All other values appear twice; only 2 is alone.

nums (sorted)

def single_non_duplicate(nums):
    lo, hi = 0, len(nums) - 1
    while lo < hi:
        mid = (lo + hi) // 2
        if nums[mid] == nums[mid ^ 1]:
            lo = mid + 1
        else:
            hi = mid
    return nums[lo]

function singleNonDuplicate(nums) {
  let lo = 0, hi = nums.length - 1;
  while (lo < hi) {
    const mid = (lo + hi) >> 1;
    if (nums[mid] === nums[mid ^ 1]) lo = mid + 1;
    else hi = mid;
  }
  return nums[lo];
}

class Solution {
    public int singleNonDuplicate(int[] nums) {
        int lo = 0, hi = nums.length - 1;
        while (lo < hi) {
            int mid = (lo + hi) >>> 1;
            if (nums[mid] == nums[mid ^ 1]) lo = mid + 1;
            else hi = mid;
        }
        return nums[lo];
    }
}

int singleNonDuplicate(vector<int>& nums) {
    int lo = 0, hi = nums.size() - 1;
    while (lo < hi) {
        int mid = (lo + hi) / 2;
        if (nums[mid] == nums[mid ^ 1]) lo = mid + 1;
        else hi = mid;
    }
    return nums[lo];
}

Explanation

Every value appears twice except one loner. We could scan the array, but the sorted layout lets us pin down the single element in O(log n) with a clever binary search on parity (even/odd indices).

Here is the key observation: before the single element, each pair starts at an even index — so index 0,1 hold a pair, 2,3 hold the next, and so on. After the loner, that alignment shifts and pairs start at odd indices. So the loner is the boundary where the pattern breaks.

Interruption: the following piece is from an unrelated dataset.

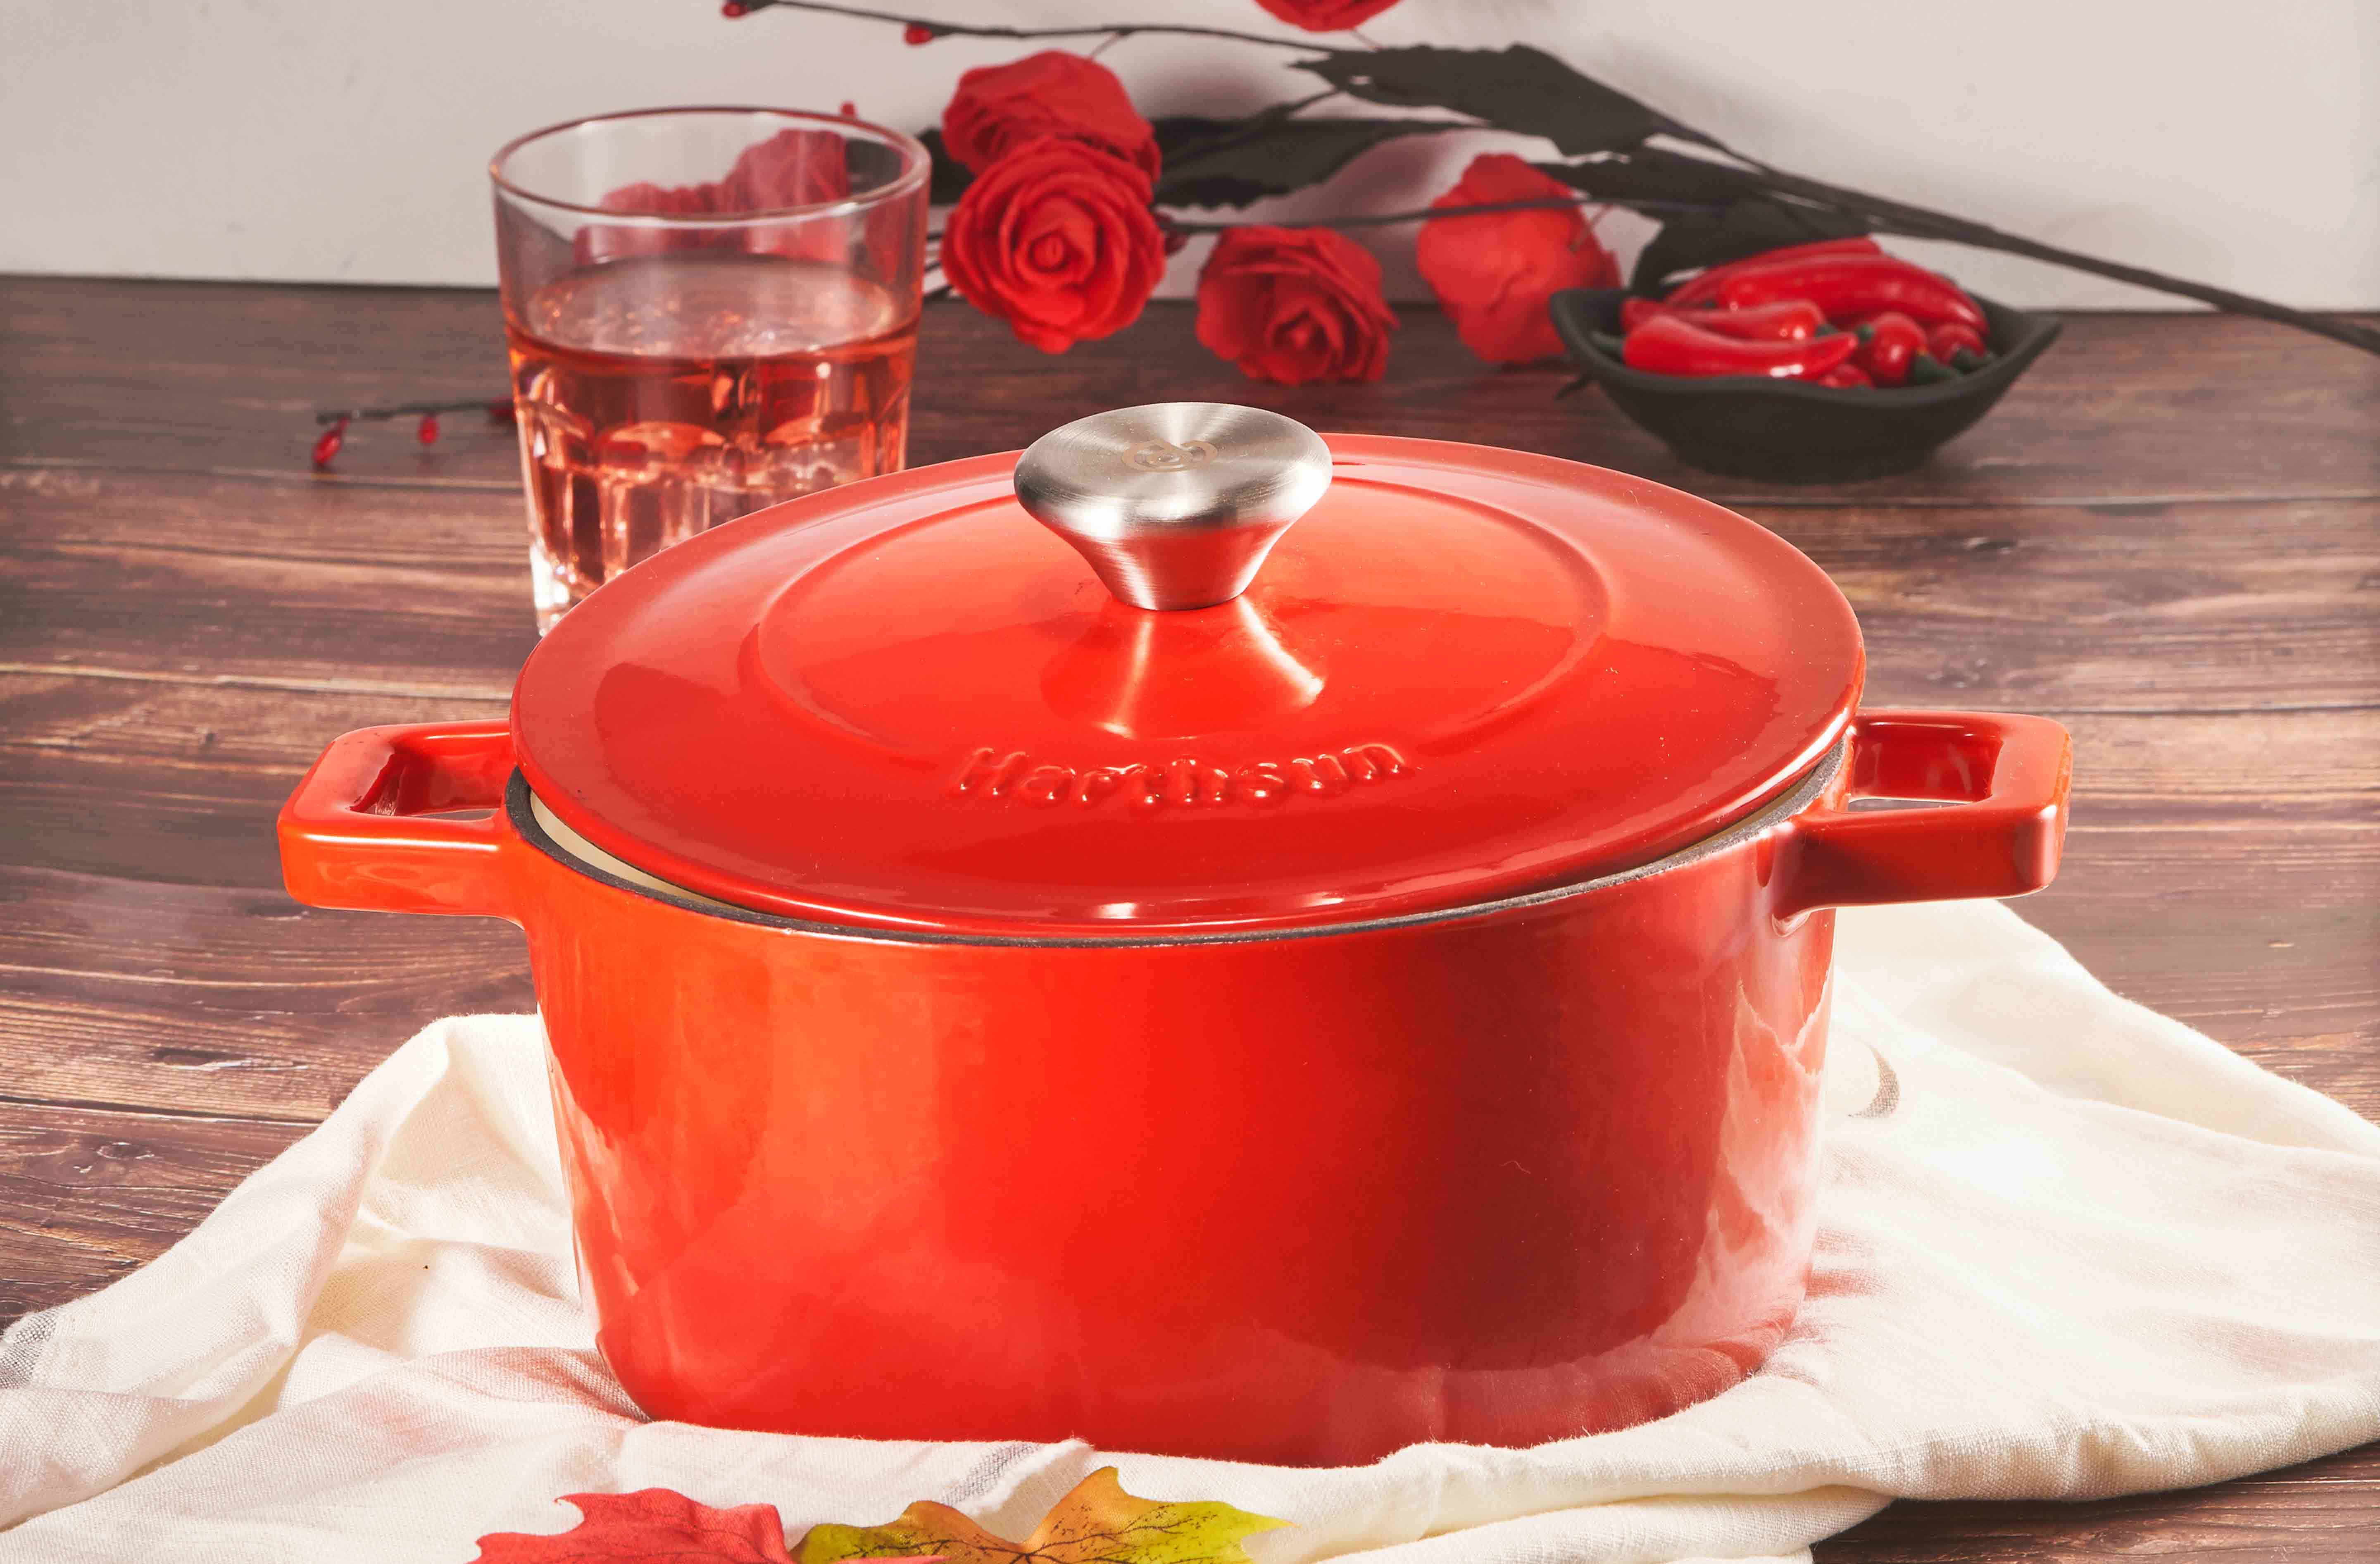 https://www.centercookware.com/wp-content/themes/centercookware/images/product/casserole/round-casserole/round-casserole.jpg

The trick mid ^ 1 turns an even mid into mid + 1 and an odd mid into mid - 1 — it points at mid's expected partner. If nums[mid] == nums[mid ^ 1], the pair is intact and the loner is to the right (lo = mid + 1); if not, the pattern already broke at or before mid, so the loner is at mid or to its left (hi = mid).

Example: nums = [1,1,2,3,3,4,4,8,8]. Early on the pairs line up at even indices, but at the single 2 the partner check fails, and the search converges on its index, returning 2.

Each step halves the array, so we find the lonely element with about log n checks rather than scanning all of it.

Time: O(log n) Space: O(1)